Core FFO and adjusted funds from operations (“AFFO”): Core FFO and AFFO are non-GAAP financial measures that are presented excluding property acquisition costs, discontinued operations, other-than-temporary impairments on retained bonds, and other one-time charges. AFFO of CSG and GPT also excludes non-cash stock-based compensation expense, amortization of above and below market leases, amortization of deferred financing costs, amortization of lease inducement costs, non-real estate depreciation and amortization, amortization of free rent received at property acquisition, and straight-line rent. GPT believes that Core FFO and AFFO are useful supplemental measures regarding CSG and GPT’s operating performances as they provide a more meaningful and consistent comparison of CSG and GPT’s operating performance and allows investors to more easily compare CSG and GPT’s operating results.

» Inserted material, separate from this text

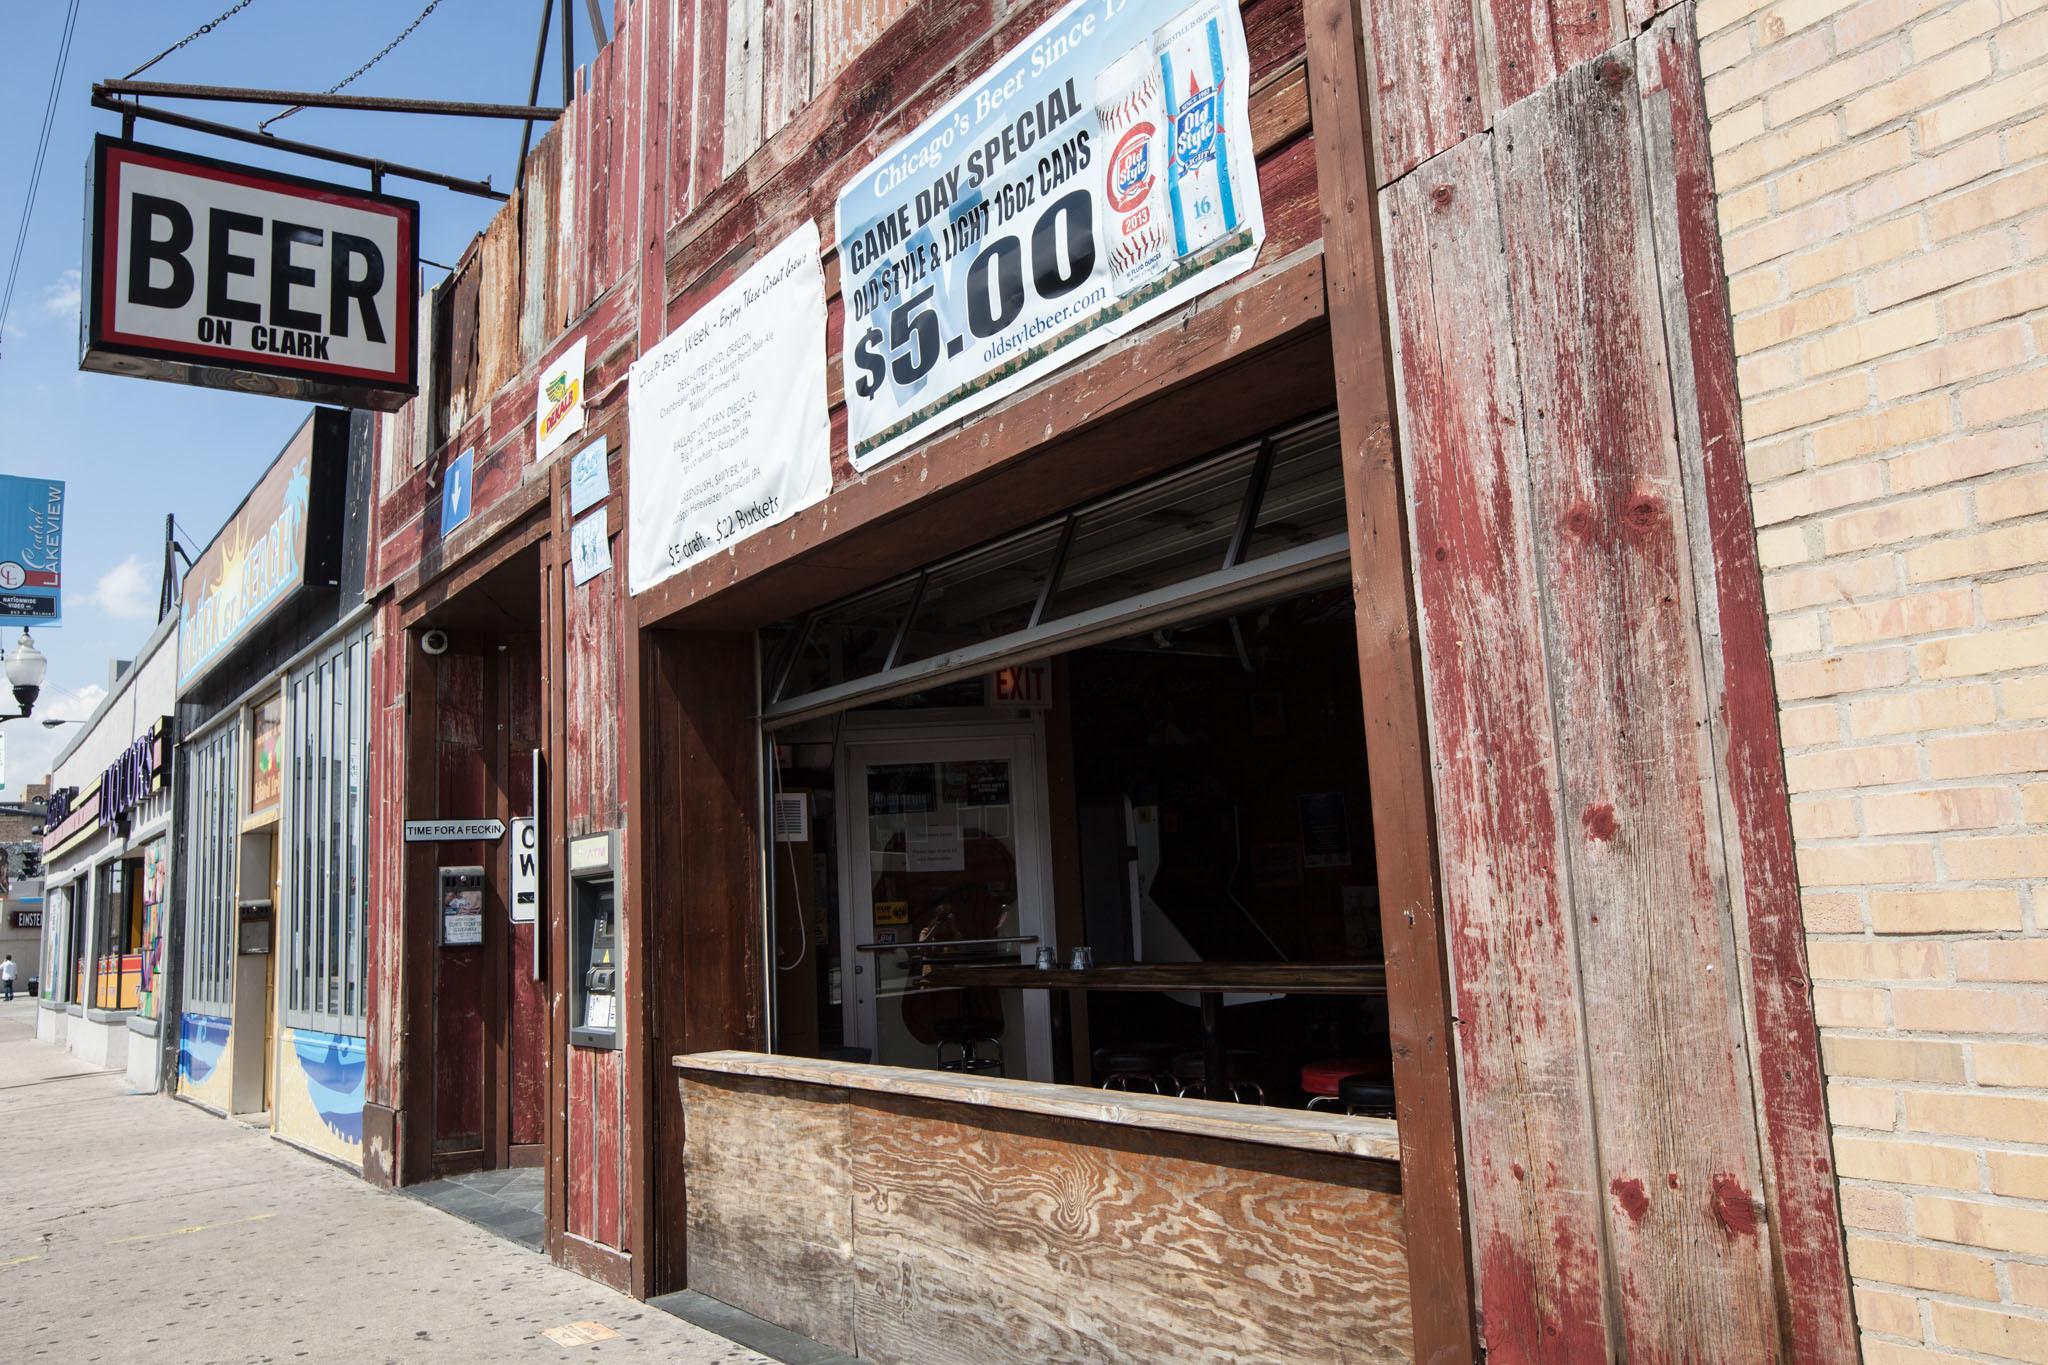 Clark Street (Addison to Belmont)

The Core FFO, AFFO, Run-Rate FFO, NOI and Cap Rate assumptions included in this presentation reflects CSG and GPT’s assumptions and expectations and are not guarantees of its future performance. CSG and GPT’s actual results may vary
materially from the assumptions presented in this presentation. The results that an investor in CSG and GPT will actually receive will depend, to a significant degree, on the actual performance of CSG and GPT’s assets, which may be impacted by material economic and market risk factors.